The music industry's interest in controlling AI training data is partly about copyright protection and partly about the competitive threat that AI music generation poses to the revenue streams of labels and artists. This dual motivation, legal protection and market protection, shapes how the industry approaches settlements. A licensing arrangement that requires AI music companies to pay for training data access also creates a cost structure that raises barriers to entry and limits competition with the industry's own products. Whether the courts or legislative action eventually force the music industry to accept a fair use interpretation of training would significantly change the economics of AI music generation.

Licensing Deals Outside the Courts

Alongside the litigation, a parallel track of voluntary licensing has developed. Several AI companies have struck deals with content owners that provide cleared rights to training data in exchange for fees, revenue sharing, or other arrangements. These deals are rarely disclosed in detail, but their existence has become widely known.

The AP's arrangement with AI companies, deals between music publishers and AI developers, and licensing discussions between stock photo providers and image model developers have all been reported to varying degrees. The terms are generally confidential. The pattern is that content owners with sufficient use, either because of the quality of their content, their legal position, or their market influence, have been able to negotiate paid arrangements.

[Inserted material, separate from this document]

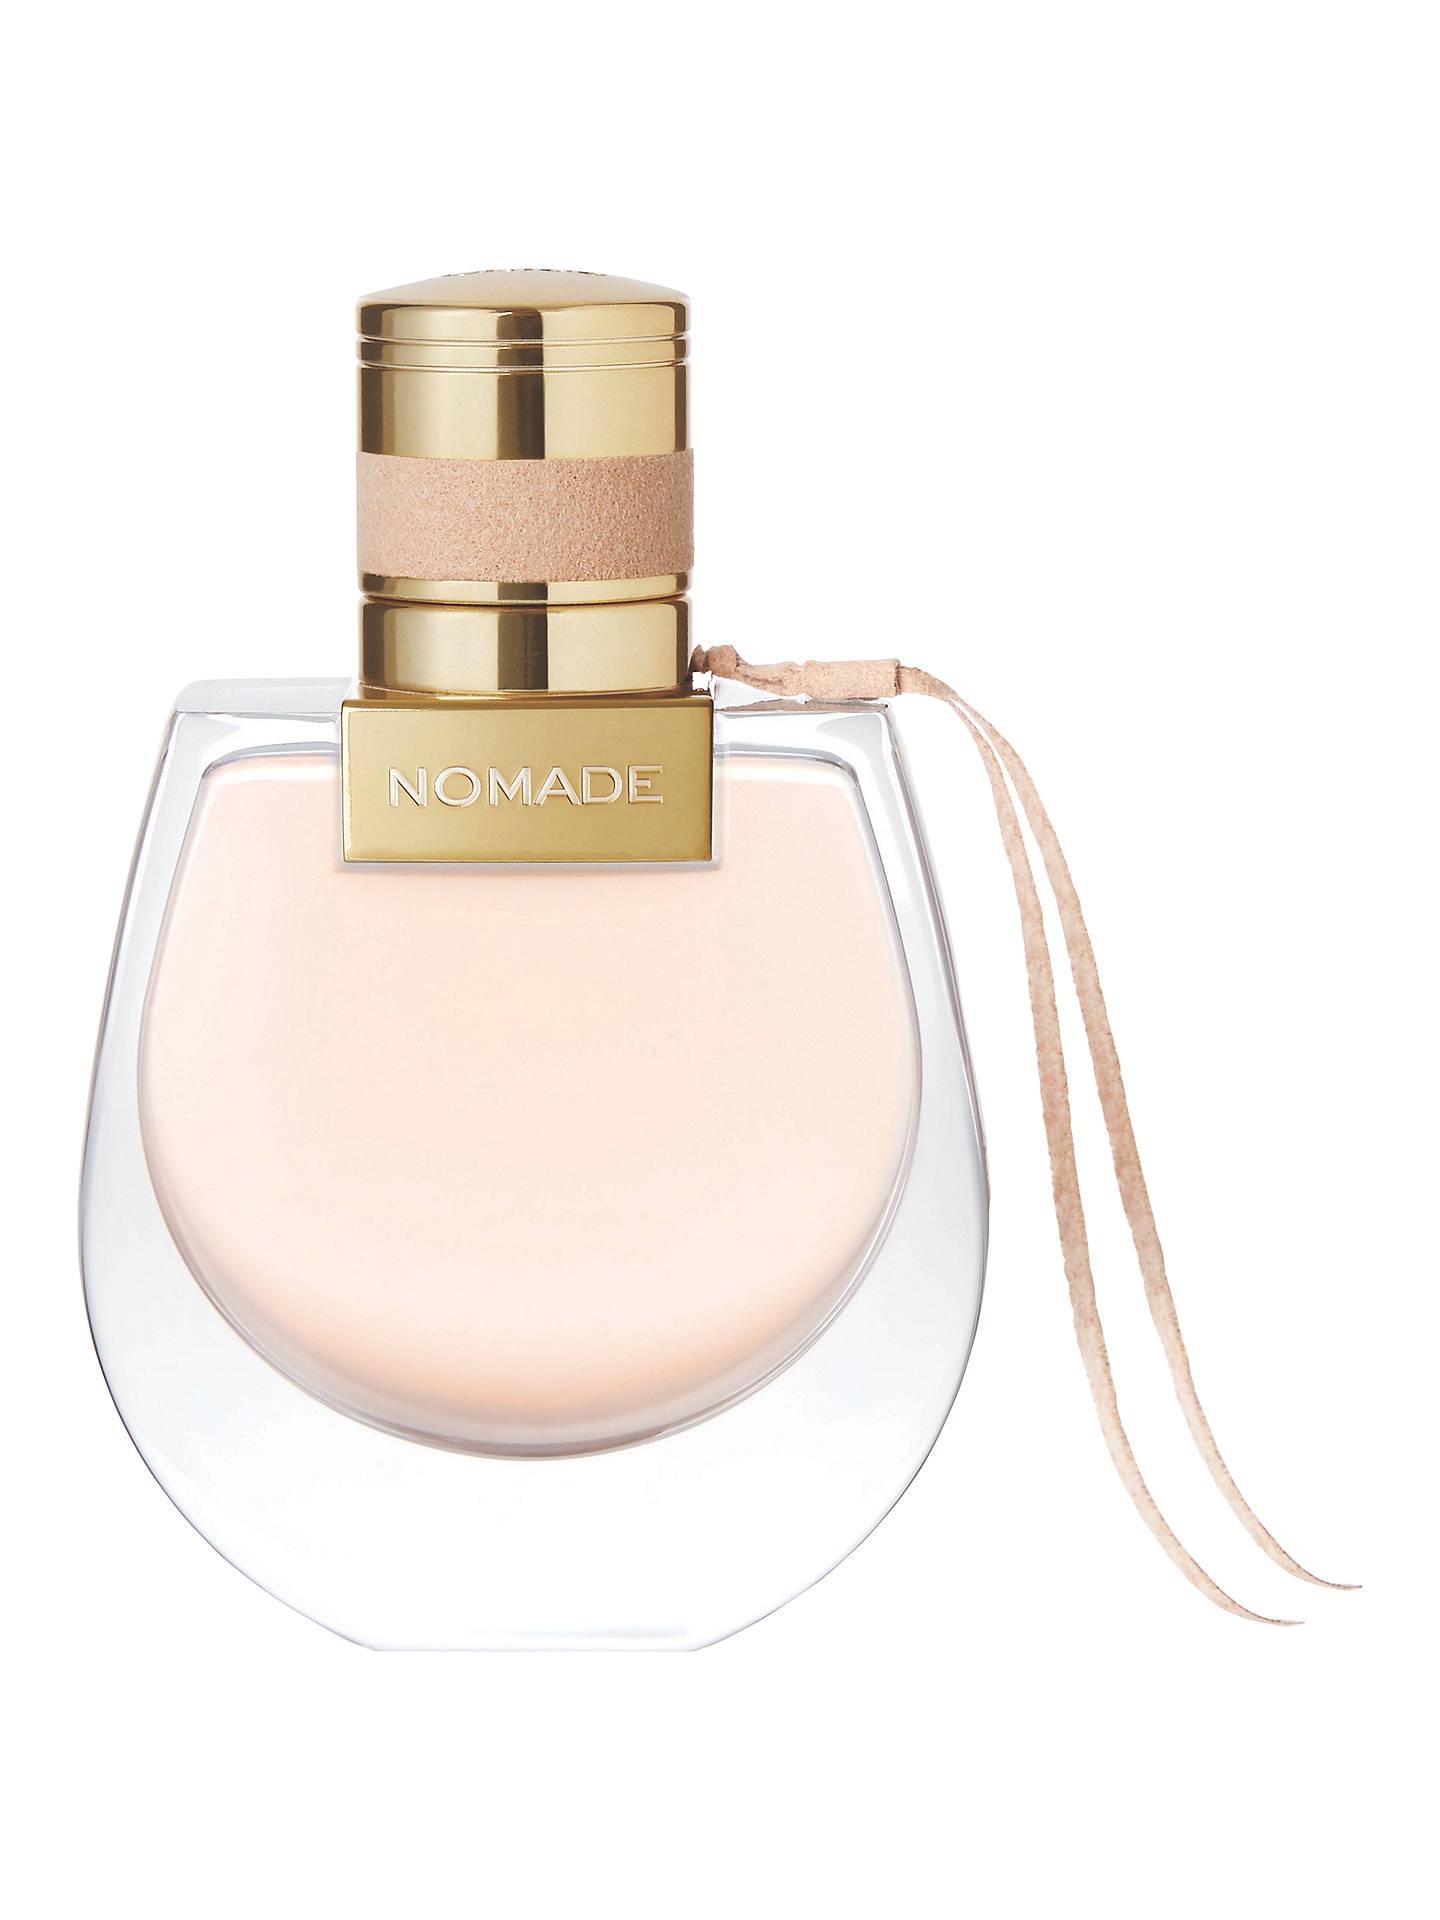 Chloé Nomade Eau De Parfum by ChloÉ
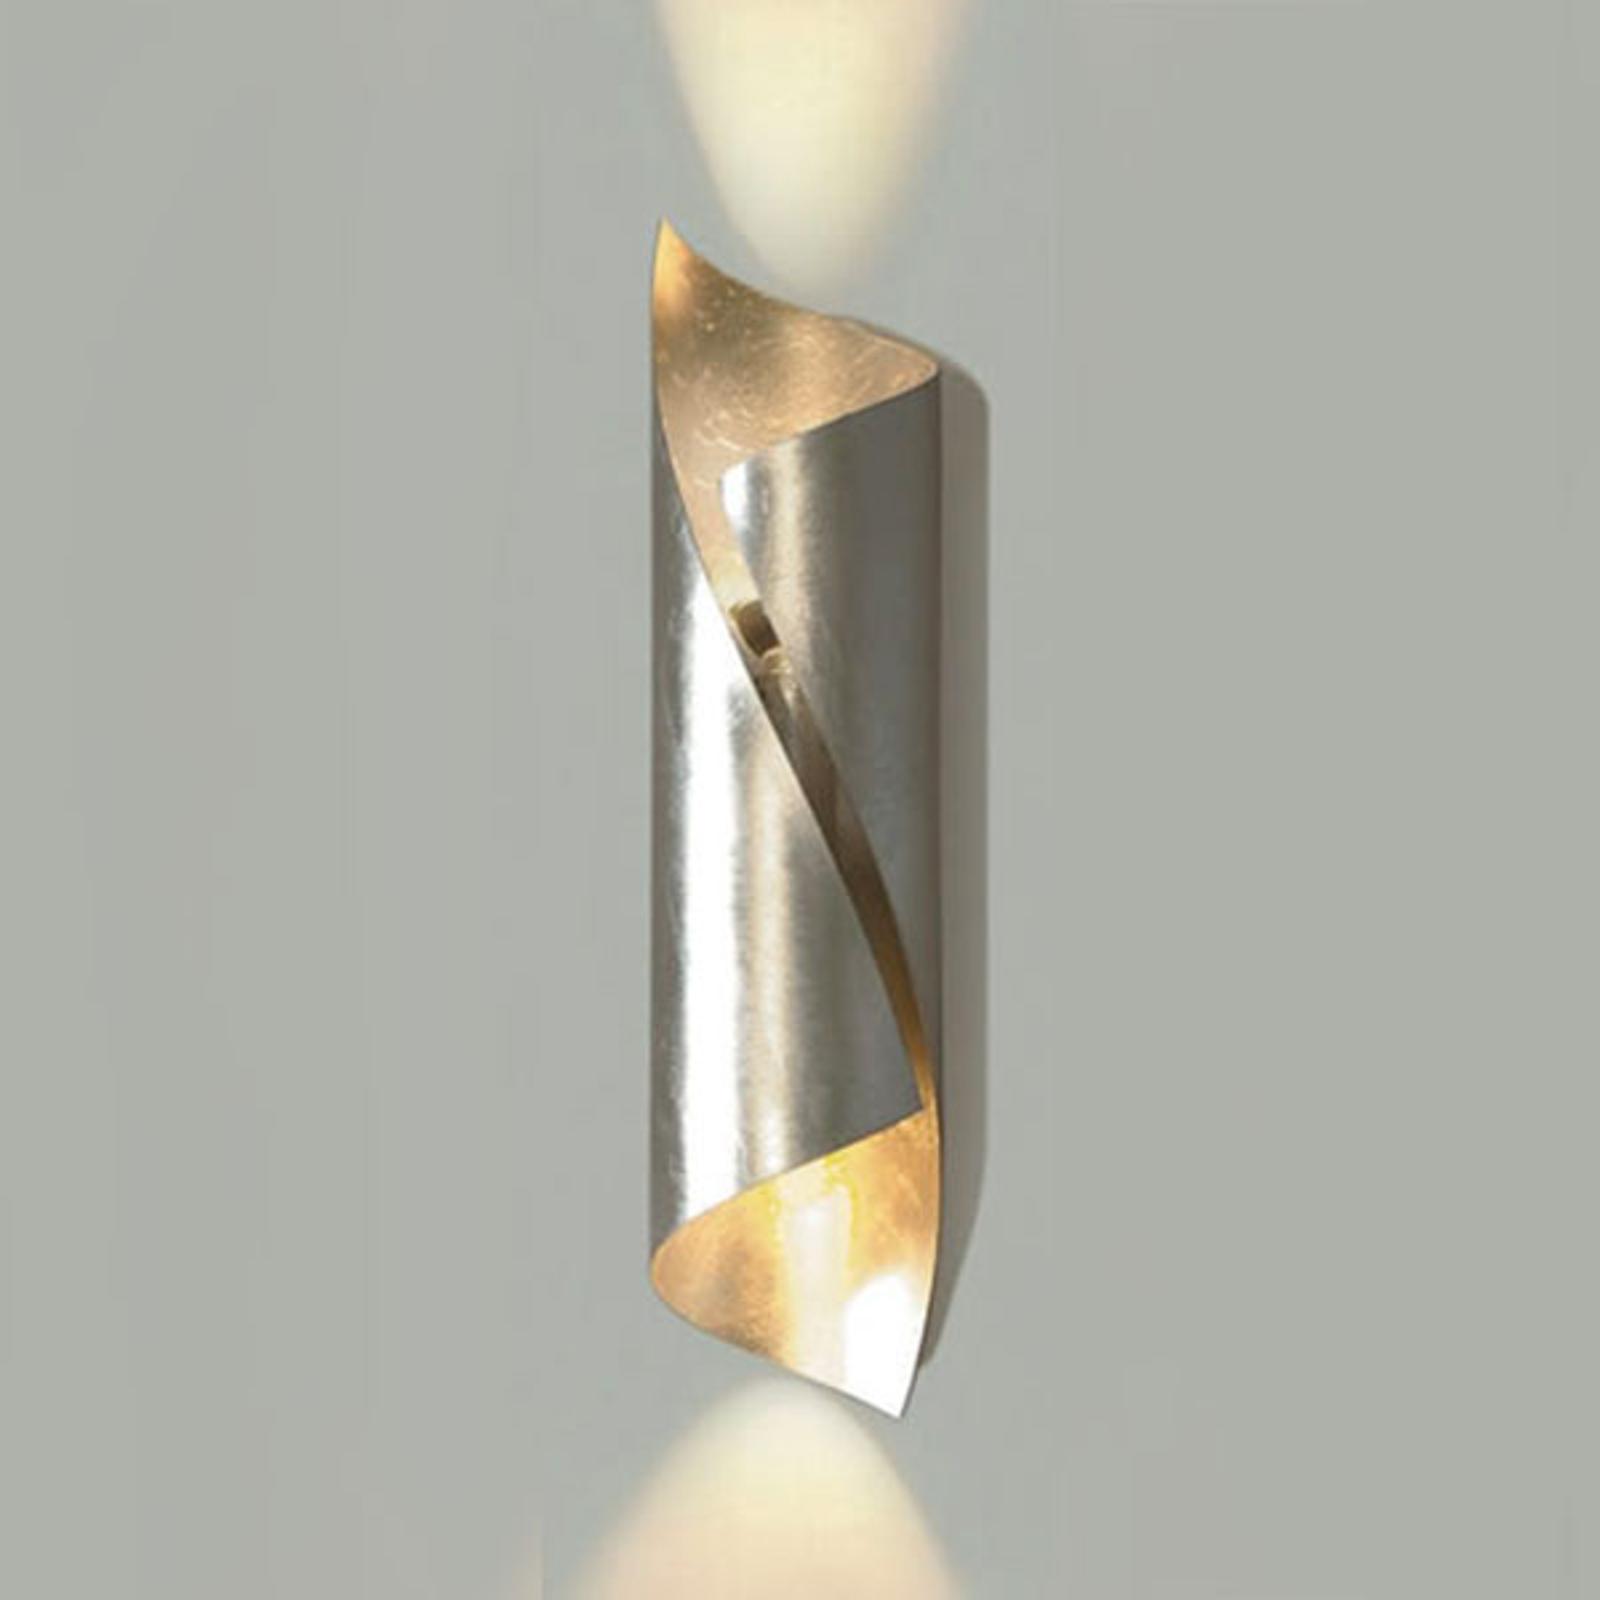 Knikerboker Hué wandlamp hoogte 54 cm bladzilver

What these deals establish, over time, is a market expectation about what licensed training data costs. If a meaningful portion of AI training data is governed by licensing agreements with known terms, those terms begin to function as industry pricing signals. AI companies that trained before these norms emerged operate under different cost structures than those building new models today. This creates a form of historical advantage for early movers that has its own competitive implications.

The consistent thread across all of these cases is uncertainty. Courts have not yet produced definitive rulings on the key questions: whether training on copyrighted material constitutes infringement under current law, whether outputs that reproduce copyrighted content create separate claims from training-related claims, and how fair use applies to AI training at the scale and commercial purpose that characterizes current AI development.

This uncertainty is not neutral in its effects. It imposes legal risk on AI developers that favors well-capitalized companies that can sustain litigation exposure. It creates incentives to document data provenance more carefully. It accelerates the development of synthetic training data alternatives that sidestep copyright questions. And it keeps content owners at the negotiating table when they might otherwise have less use.

Legislative activity in multiple jurisdictions has added another layer of complexity. Proposed rules and regulations around AI training data transparency, opt-out mechanisms for copyright holders, and minimum licensing requirements have moved through various stages in different countries. None of these have produced final law that substantially resolves the underlying questions, but the possibility of legislative intervention affects the incentives of all parties in ongoing litigation.

The resolution of these cases, whenever it comes, will determine the legal architecture that governs AI training data for the foreseeable future. That architecture will shape what can be built, at what cost, and by whom.